In the 1990s, the Australian diaspora had spread and amateur competition had grown in countries such as Sweden (1993), Germany (1995), the USA (1996), Argentina, Spain,  Samoa (1997), and South Africa (1998), as well as a number of mainly expatriate teams, mainly based in South East Asia.

In 1993, interest in South Africa increased to the point where plans were made for powerful WAFL club Subiaco and Norwood from the SANFL to play two games in Johannesburg in 1994.

During this time, the VFL expanded to become the AFL and began to command a greater national and international audience.  Word of the sport grew out of AFL exhibition matches, cult television followings, and Internet communication.  North American fans formed an organisation, AFANA, specifically to work for improved media coverage of Australian Football.

The traditionalists in the governing bodies of Australia (which became the AFL) were reluctant to sanction any games which were not played exactly according to the Laws of the Game, and the AFL initially did not recognise leagues that played the game on fields that did not closely match the proper dimensions, or had less than 16 players per side. Since the 1990s, these attitudes have changed somewhat, and the AFL and other development bodies have directly contributed to the development of the game overseas.

Formation of a world governing body
The International Australian Football Council (IAFC) was formed after football first featured at the Arafura Games in 1995. Since 1998, the Barassi International Australian Football Youth Tournament, endorsed by the AFL as part of its International Policy, has hosted several junior teams from other countries.

Since 2000, fledgling competitions have been established in countries such as Ireland (2000), Tonga (2002), Scotland, France, and China (2005).
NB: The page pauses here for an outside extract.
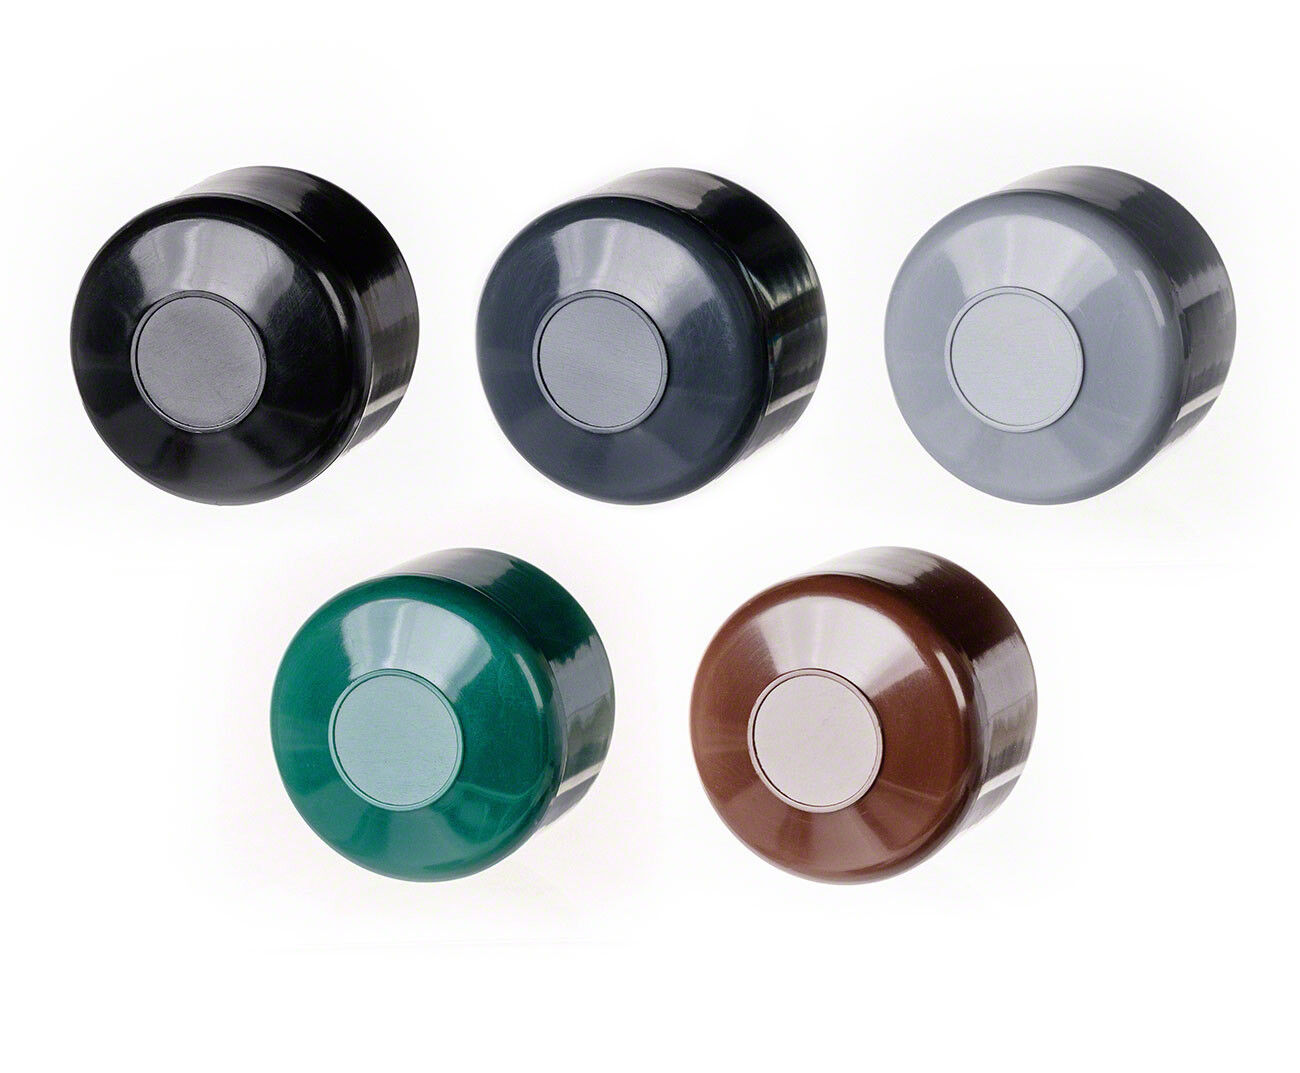 Zaunpfahlkappen 2/'/' 59,8 mm schwarz Rundstopfen Pfostenkappen Zaunkappen Pfosten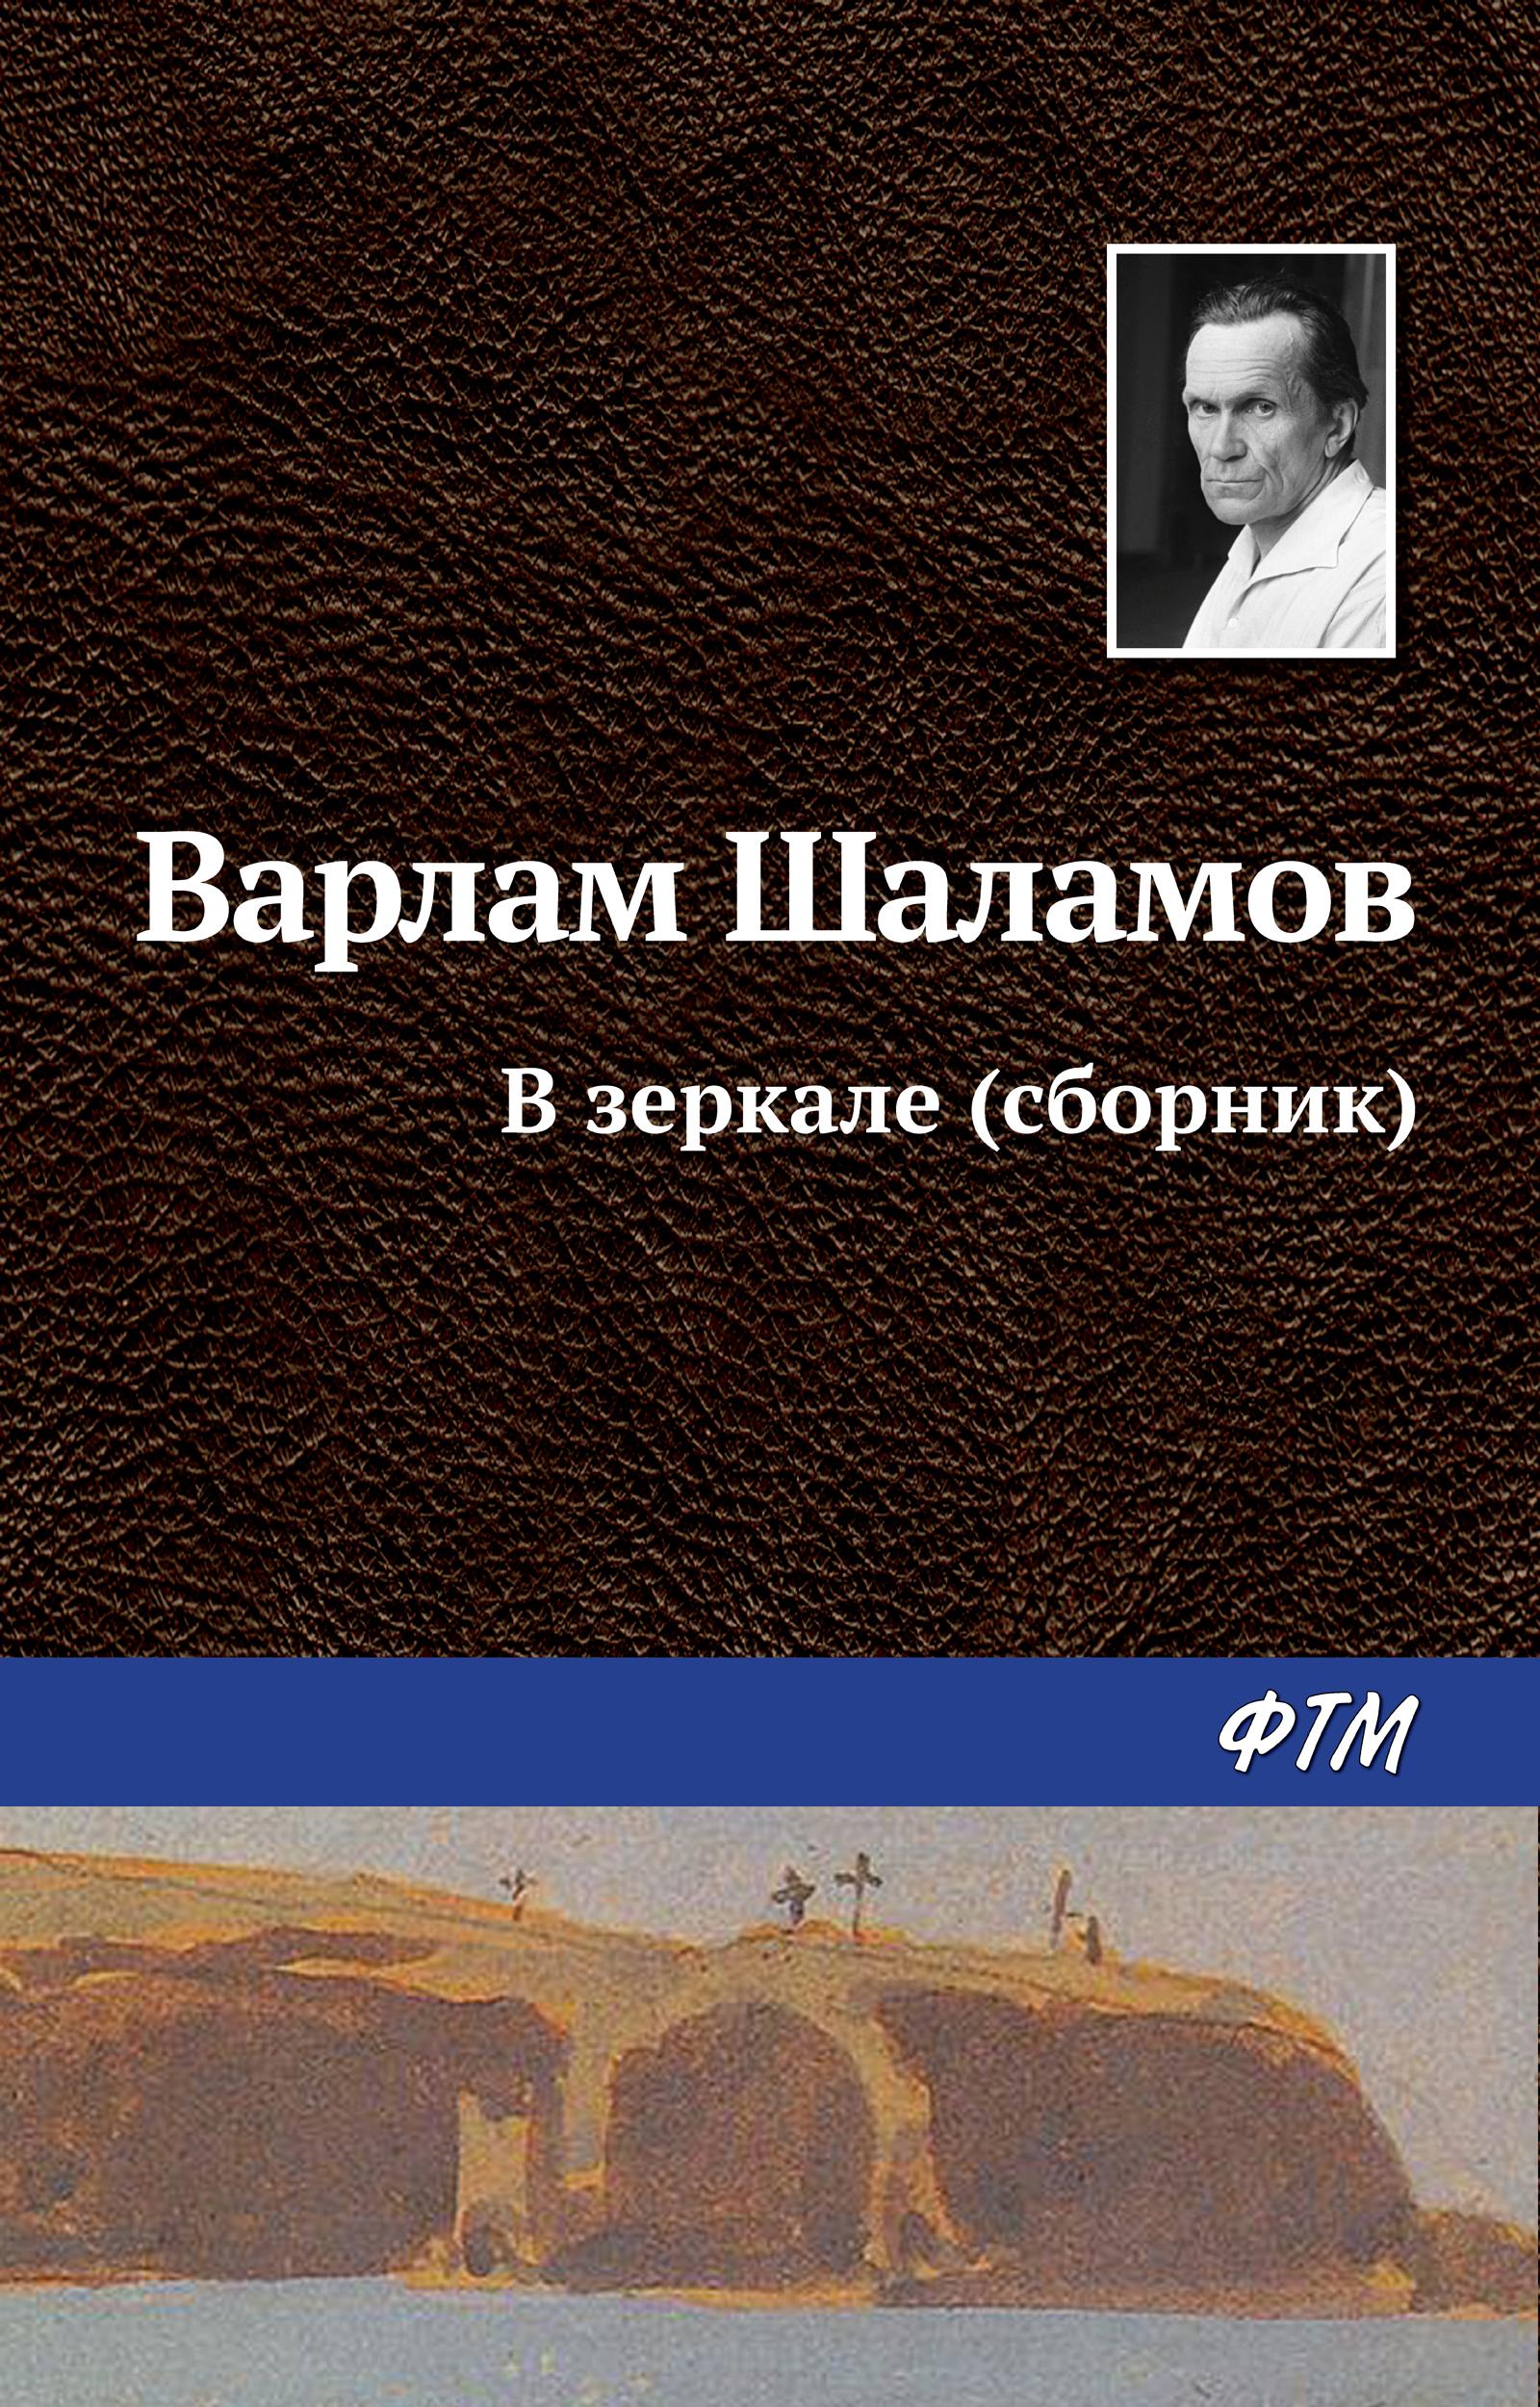 Варлам Шаламов В зеркале (сборник) варлам шаламов тифозный карантин

Television and the internet have since helped to increase the awareness of the game outside of Australia.

Inspired by successful Arafura Games competitions, the inaugural Australian Football International Cup was held in Melbourne in 2002, an initiative of the IAFC and the AFL.  The first International Cup also marked the beginnings of a very small media interest in the international aspects of the game in Australia.

At the 2002 International Cup, meetings held between the AFL, IAFC, and international teams saw a unanimous vote amongst member countries that the AFL become the de facto world governing body for the sport, with the leagues linked to the teams affiliating with the AFL.  The IAFC's public relations officer, Brian Clarke, disputed this move and continued the organisation in name.  This organisation was finally dissolved in 2005, dropping all public claims to being the world governing body for the sport and being replaced by the development organisation Aussie Rules International.

21st century

In recent years, the game has grown particularly strongly in Papua New Guinea and New Zealand.  In  percentage terms, their increases are high in comparison to the growth of the sport in Australia, and their total player numbers are at least 100,000, making senior competition involving Australia at open level unlikely for some time.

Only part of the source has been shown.